I must have come in and out of the subway station at 72nd Street where Broadway crosses Amsterdam Avenue in Manhattan a hundred times without realizing it's situated in the midst of a plaza that, by a stretchy definition, might be considered a park. Verdi Square has seating, landscaping, shrubbery, and a tree with an artificial owl in it. What more could you ask?
If nothing else, it provides an opportunity to gaze at the Ansonia, one of the city's grandest (former) hotels. According to Wikipedia, the turn-of-the-20th-century residential hotel's famous residents included Arturo Toscanini, Igor Stravinsky, and Enrico Caruso. The legendary tenor, in an early example of what today we call "pre-war" real estate preferences, apparently "chose the hotel to live in because of its thick walls."
It's fitting then that the adjoining plaza honors Giuseppe Verdi, one of opera's greatest composers.
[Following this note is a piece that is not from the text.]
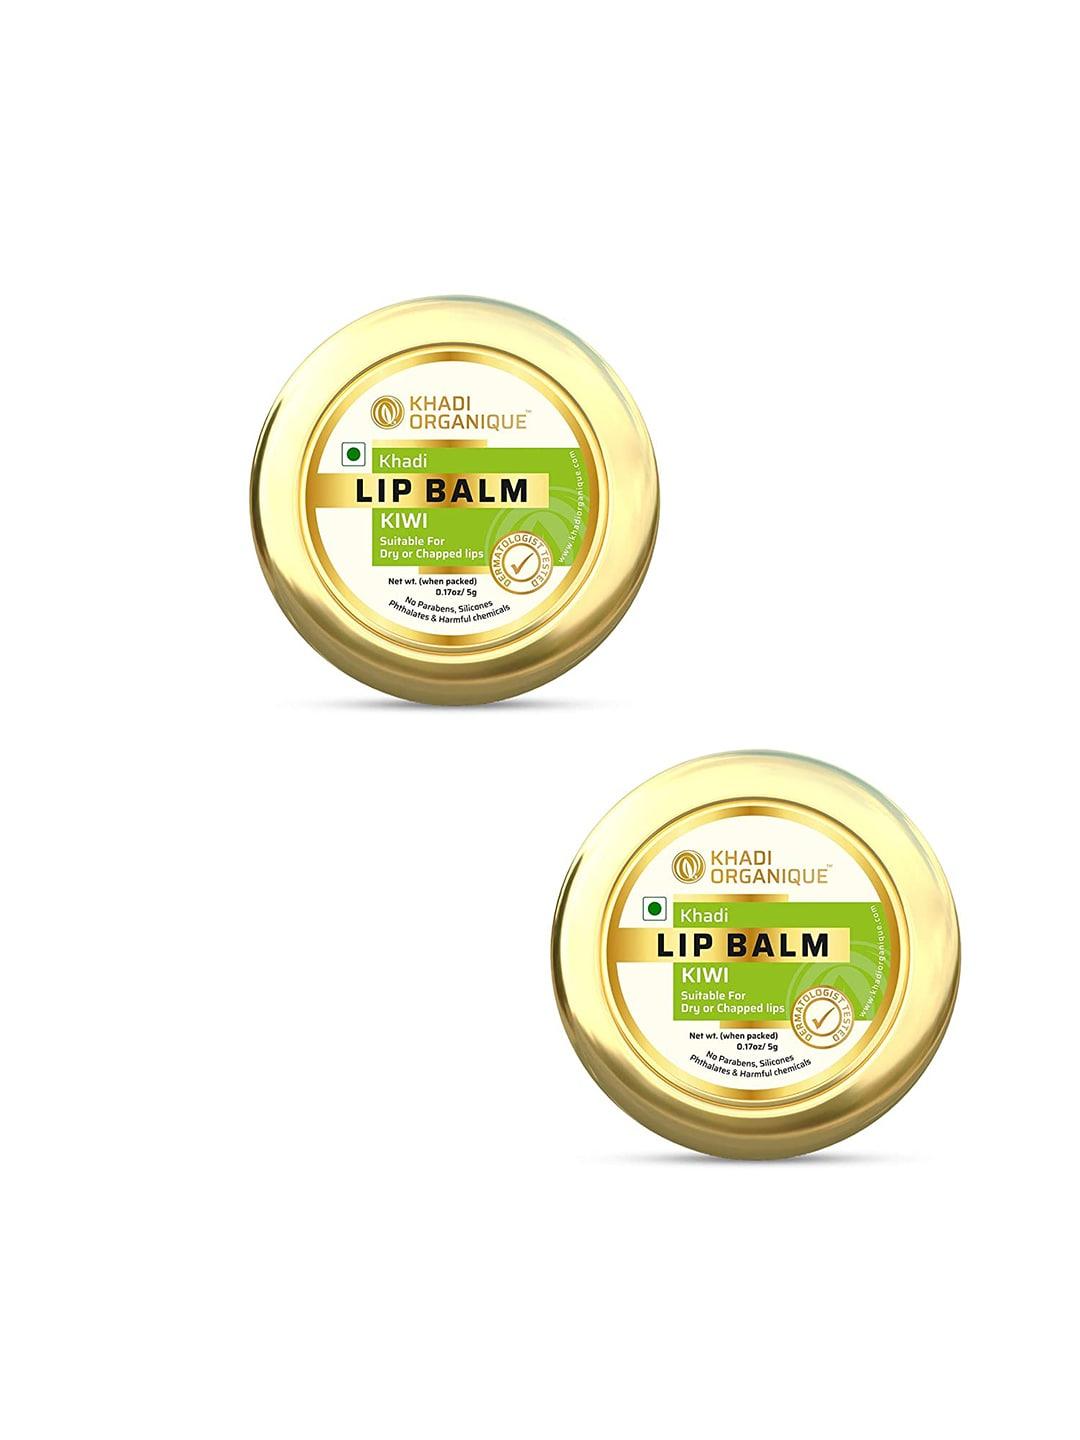 Khadi Organique Set Of 2 Kiwi Lip Balm with Aloe Vera & Shea Butter - 5g Each

The monument, with a sculpture by Pasquale Civiletti, was dedicated in 1906, just five years after Verdi's death. The statues on the base below Verdi represent some of the most famous characters from his operas (Falstaff, Aida, Otello, and Leonora of La forza del destino).
Standing guard over the square (actually, like most Manhattan "squares," it's a triangle), an owl keeps the composer company.